The most recent reported studies involving prediction of drug clearance, both from human and rat hepatic in vitro systems, were based on microsomes, with a recent emphasis on the use of hepatocytes. Wood et al. discuss the inherent limitation of using human hepatocyte predictions, due to underprediction when compared to in vivo clearance data, and the comments on the potential causes for those divergences [127].

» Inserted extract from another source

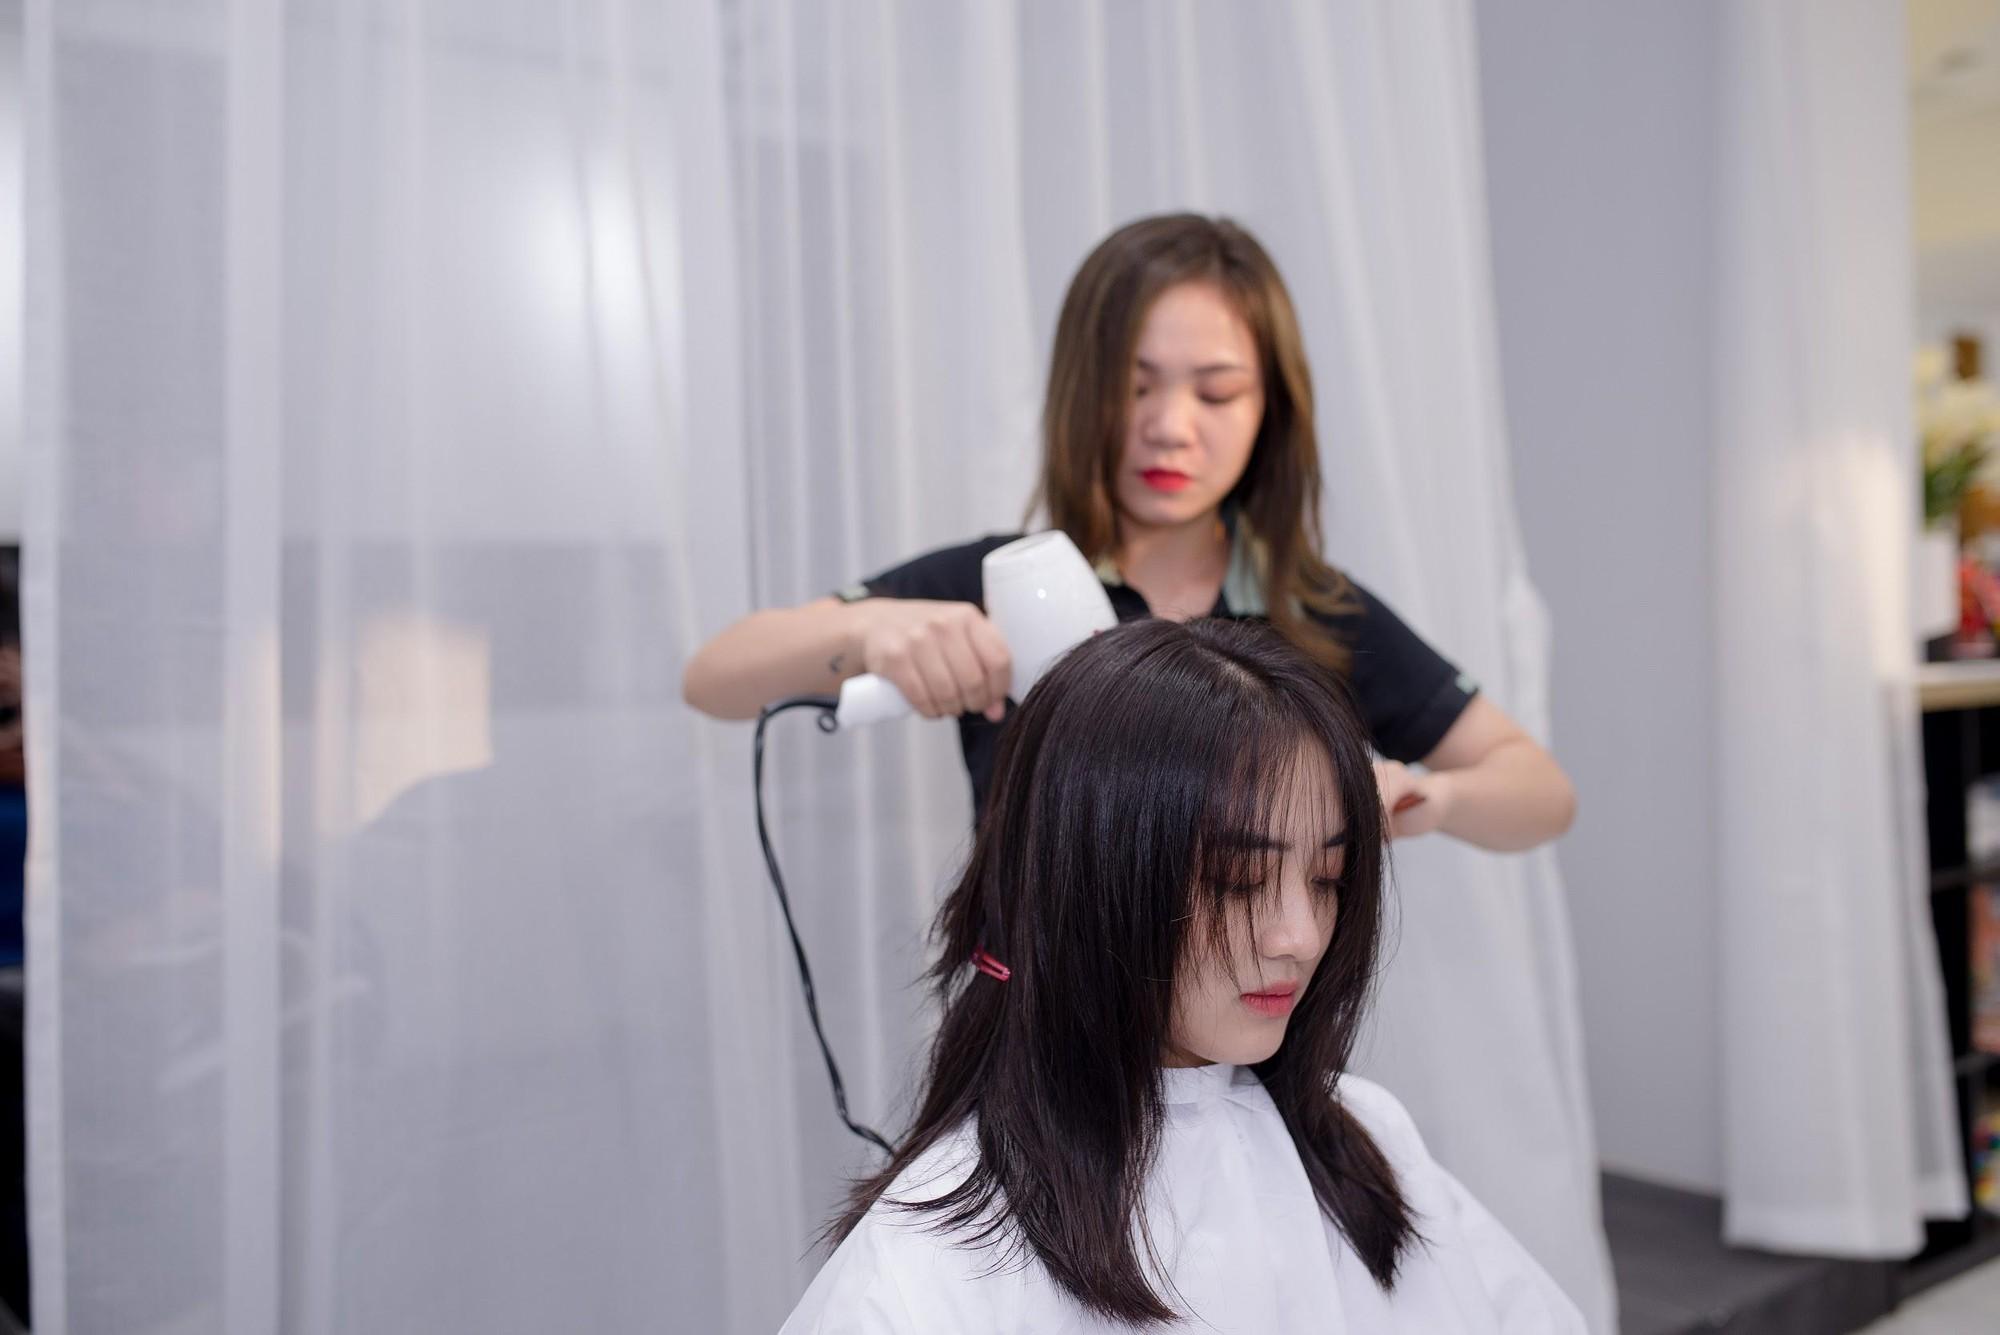 Zusso Hair Salon hút giới trẻ sành điệu Hà thành - Ảnh 6.

As the pinnacle of ADME in silico approaches, the holistic physiologically based pharmacokinetic (PBPK) modeling was initially conceptualized by Teorell [128], aiming to enable the prediction of drugs’ pharmacokinetic behavior in humans using preclinical data. Recent PBPK models benefit from the large amount of available ADME data not only to aid the drug discovery process and dose regiment selection but also to guide the risk assessment for regulatory reviews [129]. PBPK models are compartmentalized representations of the different organs, and each compartment can be described by a specific tissue volume and blood flow rate, which communicates with the blood (venous and arterial). Each organ/tissue has a unique volume, permeability, and eliminating anatomical constants and terms, which are determined independently from the studied drug, while other physiological drug-specific parameters are later incorporated, such as affinity toward plasma proteins, tissue-to-plasma distribution rate, and even on target activity (Km, Vmax, or binding kinetics).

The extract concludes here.